Раскрывшей слуху тайный зов страстей?

Эпиграф был исключен из окончательного текста романа, но Пушкин вернулся к нему в рукописи четвертой главы. Избранные для эпиграфа стихи позволяют предполагать, как заметил Благой, что образ Франчески, беззаветно полюбившей Паоло, являлся перед мысленным взором поэта, когда он обдумывал судьбу Татьяны. Вопрос, заключенный в дантовских стихах, предполагал ответ о зарождении любовного чувства Татьяны. В качестве краткой формулы такого ответа предлагался второй эпиграф к третьей главе. Это была строка французского поэта XVIII века Луи Мальфилатра:

Elie etait fille, elle etait amoureuso (VI, 573).

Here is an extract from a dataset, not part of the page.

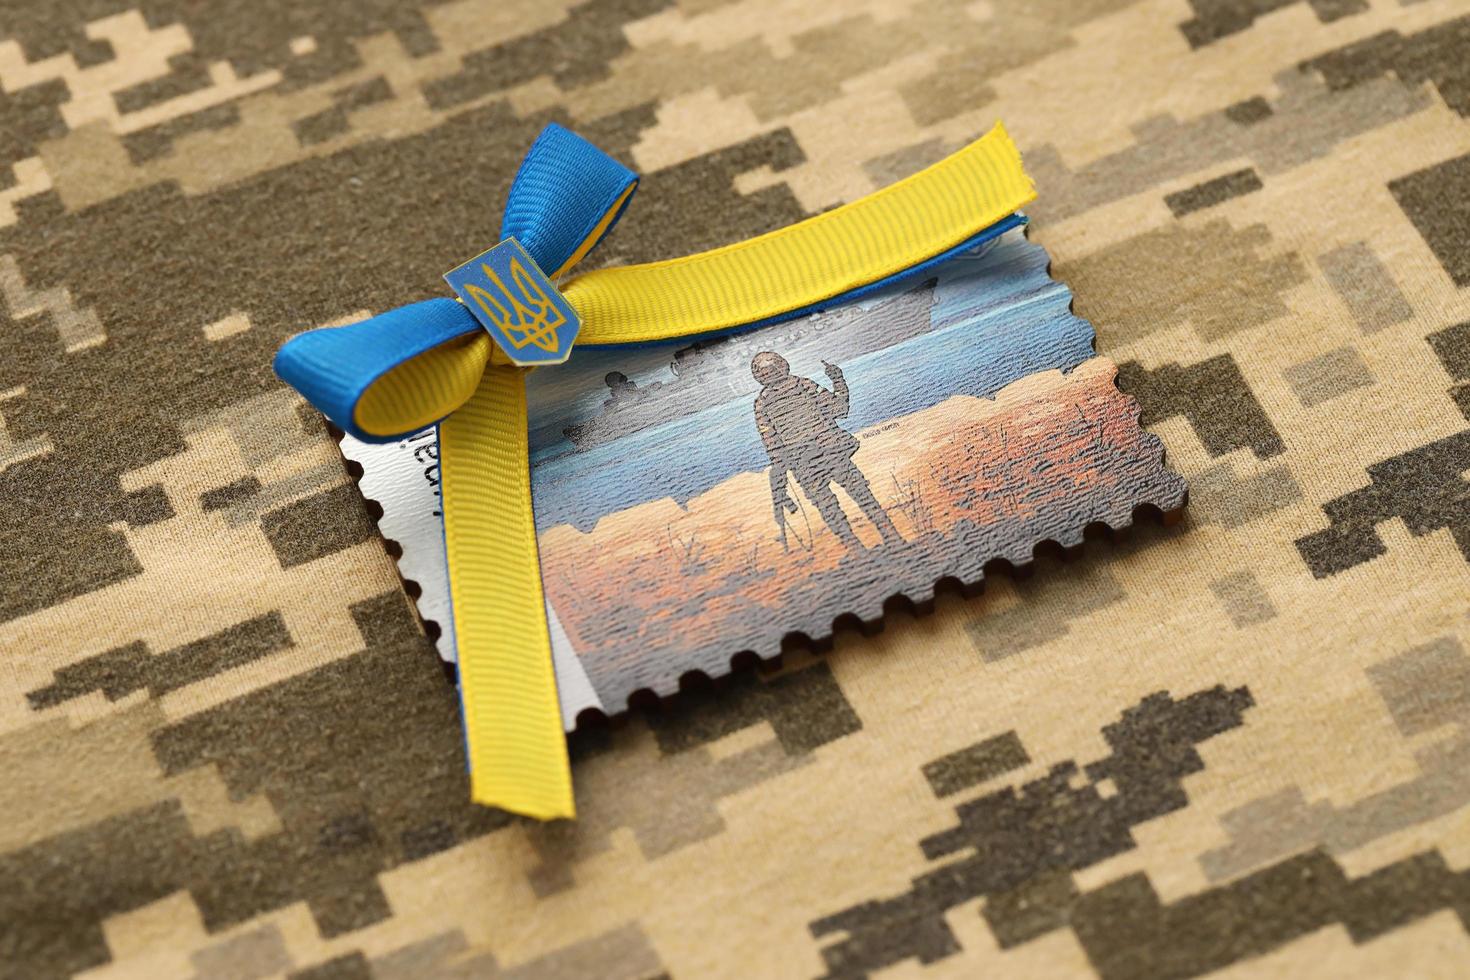 ternopil, ukraine - 2 septembre 2022 célèbre cachet postal ukrainien avec navire de guerre russe et soldat ukrainien comme souvenir en bois sur l'uniforme de camouflage de l'armée photo

Но в процессе становления образа Татьяны столь краткое объяснение, не утратив своего ограниченного значения, оказалось явно недостаточным[289]. Да, чувство Татьяны к Онегину подчинено природной стихии: «Пора пришла, она влюбилась» (VI, 54). И все же:

Воображаясь героиней

Своих возлюбленных творцов,

Кларисой, Юлией, Дельфиной,

Татьяна в тишине лесов

Одна с опасной книгой бродит,

Она в ней ищет и находит

Свой тайный жар, свои мечты… (VI, 55).

Эти стихи вновь отсылают нас к истории Паоло и Франчески, которым книга о Ланчелоте раскрыла «тайный зов страстей», стала их Галеотом[290]. На страницах романа перекличка с пятой песней «Ада» встретится еще и в четвертой главе, где Ленский читает Ольге нравоучительный роман, – но уже в легком, ироническом плане:

А между тем две, три страницы

(Пустые бредни, небылицы,

Опасные для сердца дев)

Он пропускает, покраснев (VI, 84).

Пушкинские обращения к «Божественной комедии» разнообразны и по интонации, и по форме. В этом отношении, да и по глубине высвечиваемых эмоций, ни Петрарка, ни Тассо не могут соперничать на страницах «Онегина» с Данте. От фривольного мотива до затаенной переклички на трагедийной ноте – таков диапазон связей романа с «Комедией». Одна из них обнаруживается в восьмой главе, где Евгений томится от неразделенной любви к Татьяне, и поэт рассказывает, как герой пытается чтением заглушить страдания:

И что ж? Глаза его читали,

Но мысли были далеко

Он меж печатными строками

Читал духовными глазами (курсив мой. – А. А.)

Другие строки… (VI, 183).

«Духи глаз» – spirito del viso – «духовное зрение» – образ, имеющий место и в «Божественной комедии», и в «Новой жизни», и в других сочинениях Данте. В четвертом круге «Чистилища» Вергилий наставляет поэта:

Направь ко мне, – сказал он, – взгляд своих

Духовных глаз, и вскроешь заблужденье

Слепцов, которые ведут других (XVIII, 16–18).

В восьмой главе есть сцена, напоминающая еще один эпизод «Чистилища». Когда Вергилий оставляет своего спутника в Земном раю, тот чувствует глубокое волнение и растерянность.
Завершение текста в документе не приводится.